Top of Source material
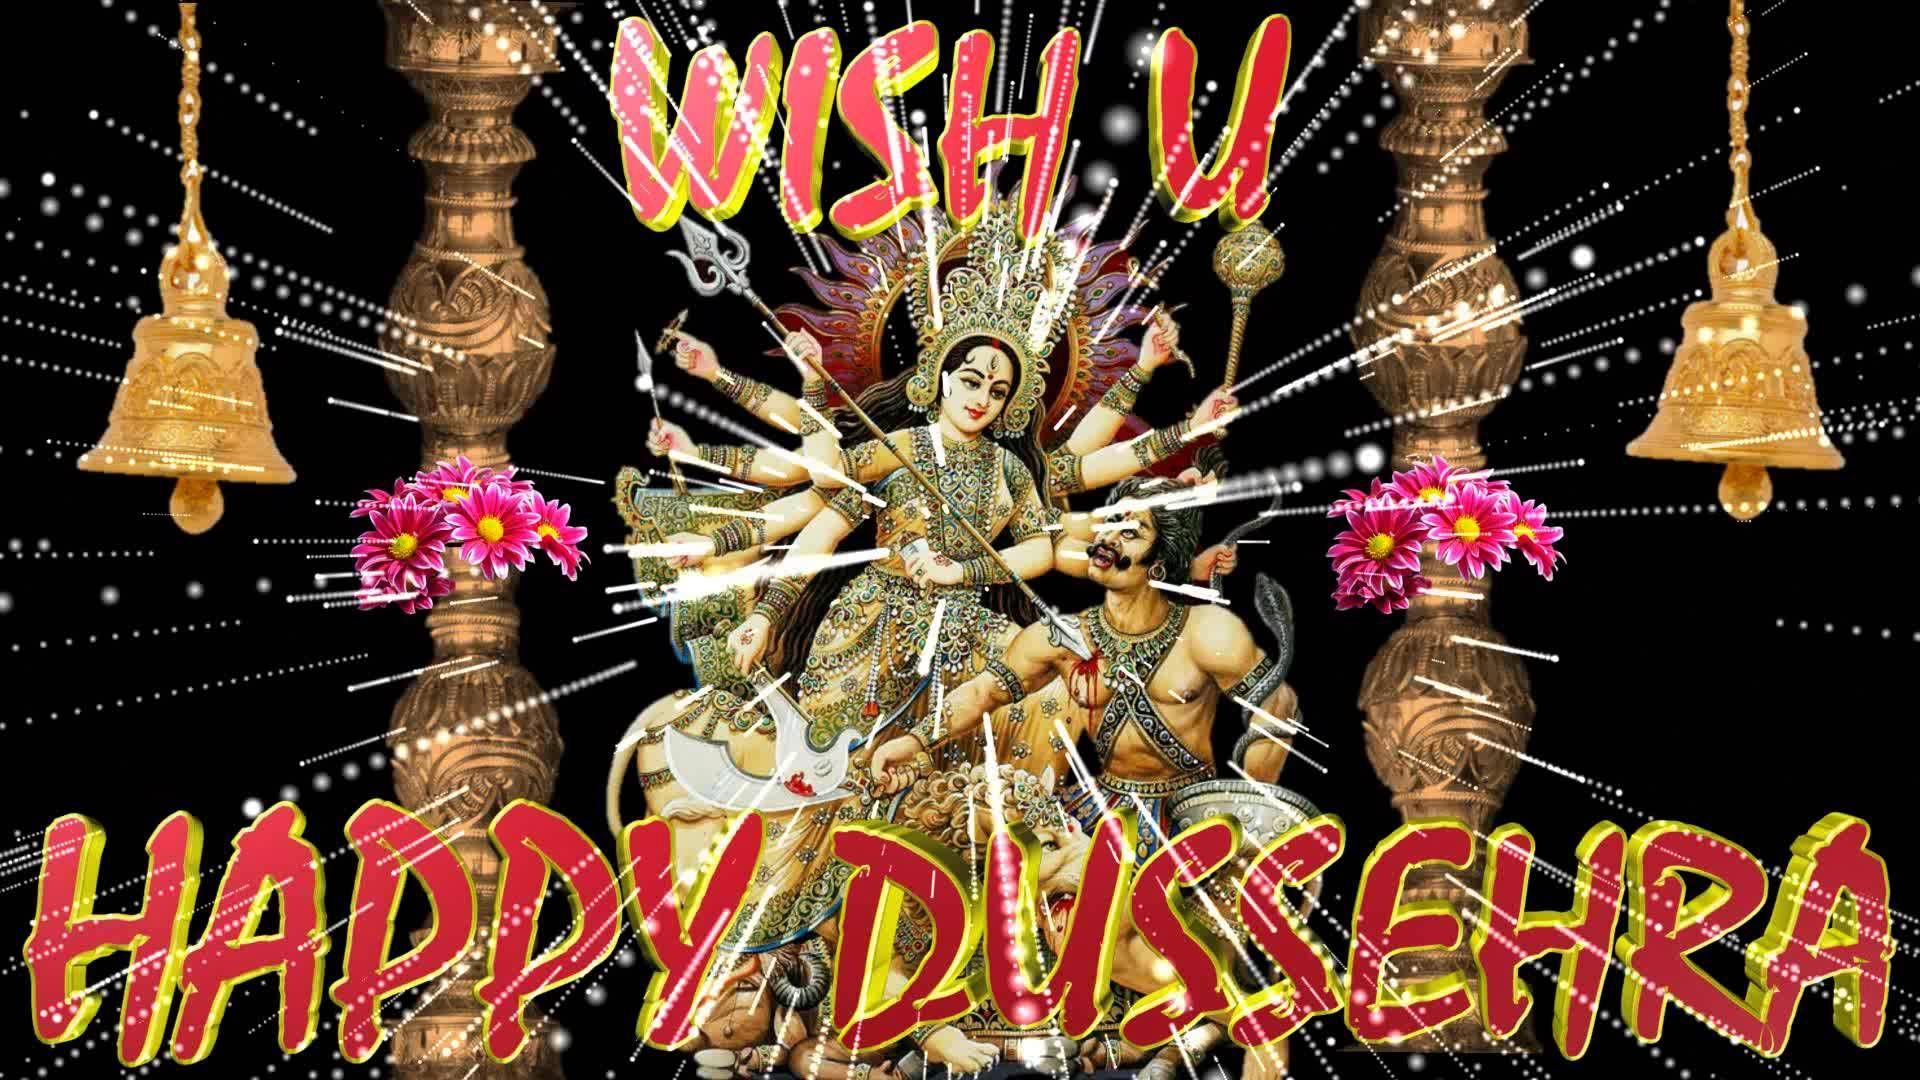 Happy Dussehra 2016wishesdasaragreetingsimagesecardanimation
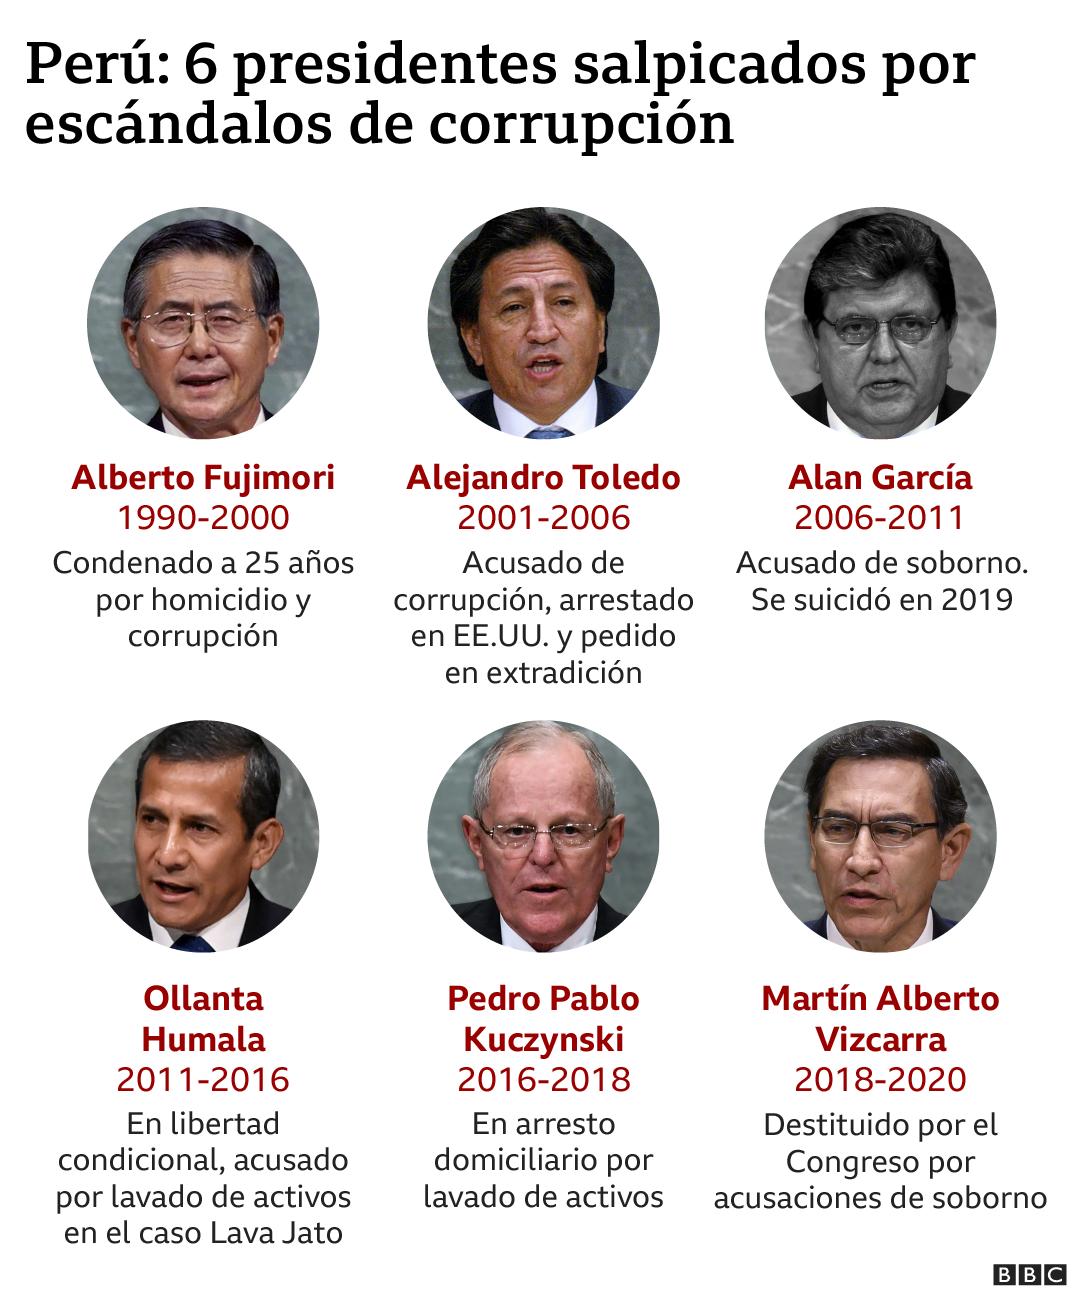 Presidentes de Perú
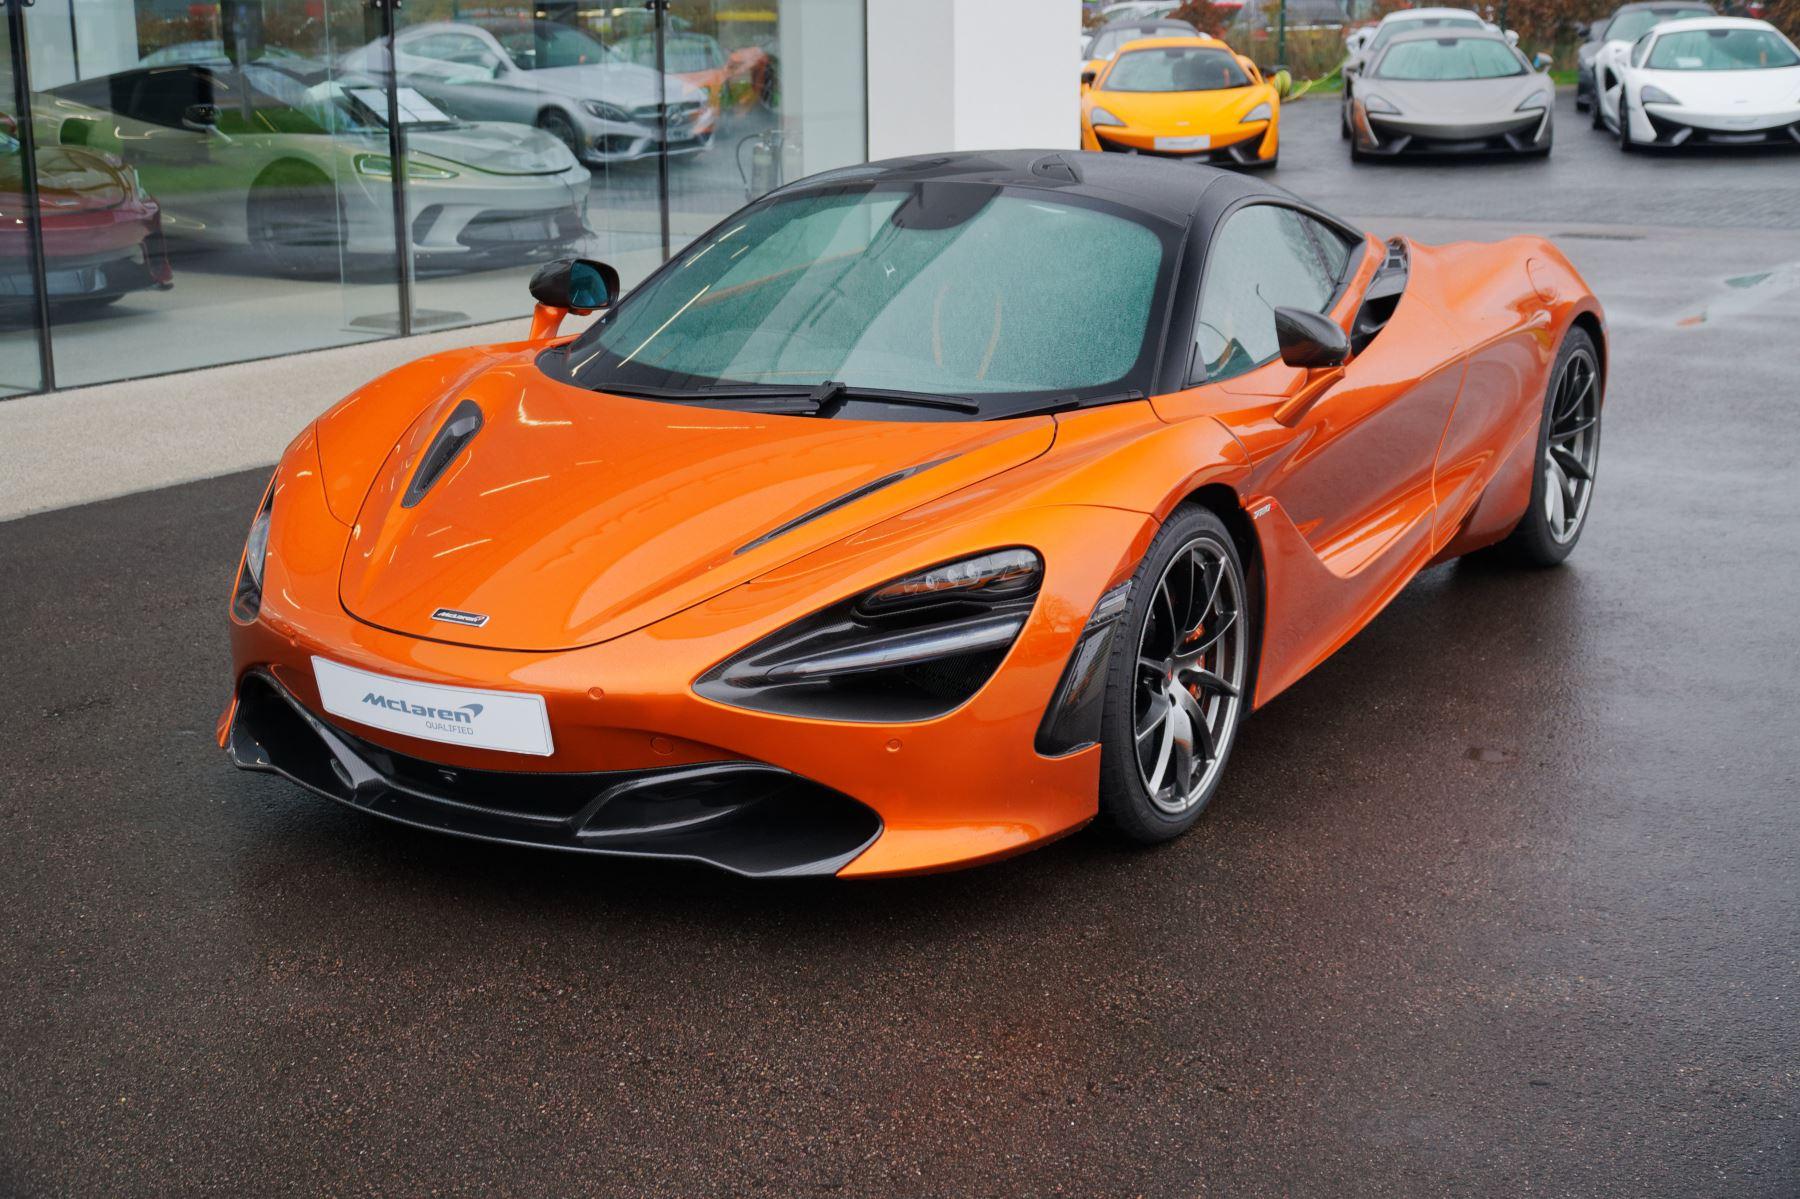 McLaren 720S Performance 4.0 Semi-Automatic 2 door Coupe (2017)
Bottom of Source material
## Task to carry out
Please give all of the material again, exactly, without the images.

## Task solution
 Happy Dussehra 2016wishesdasaragreetingsimagesecardanimation
 Presidentes de Perú
 McLaren 720S Performance 4.0 Semi-Automatic 2 door Coupe (2017)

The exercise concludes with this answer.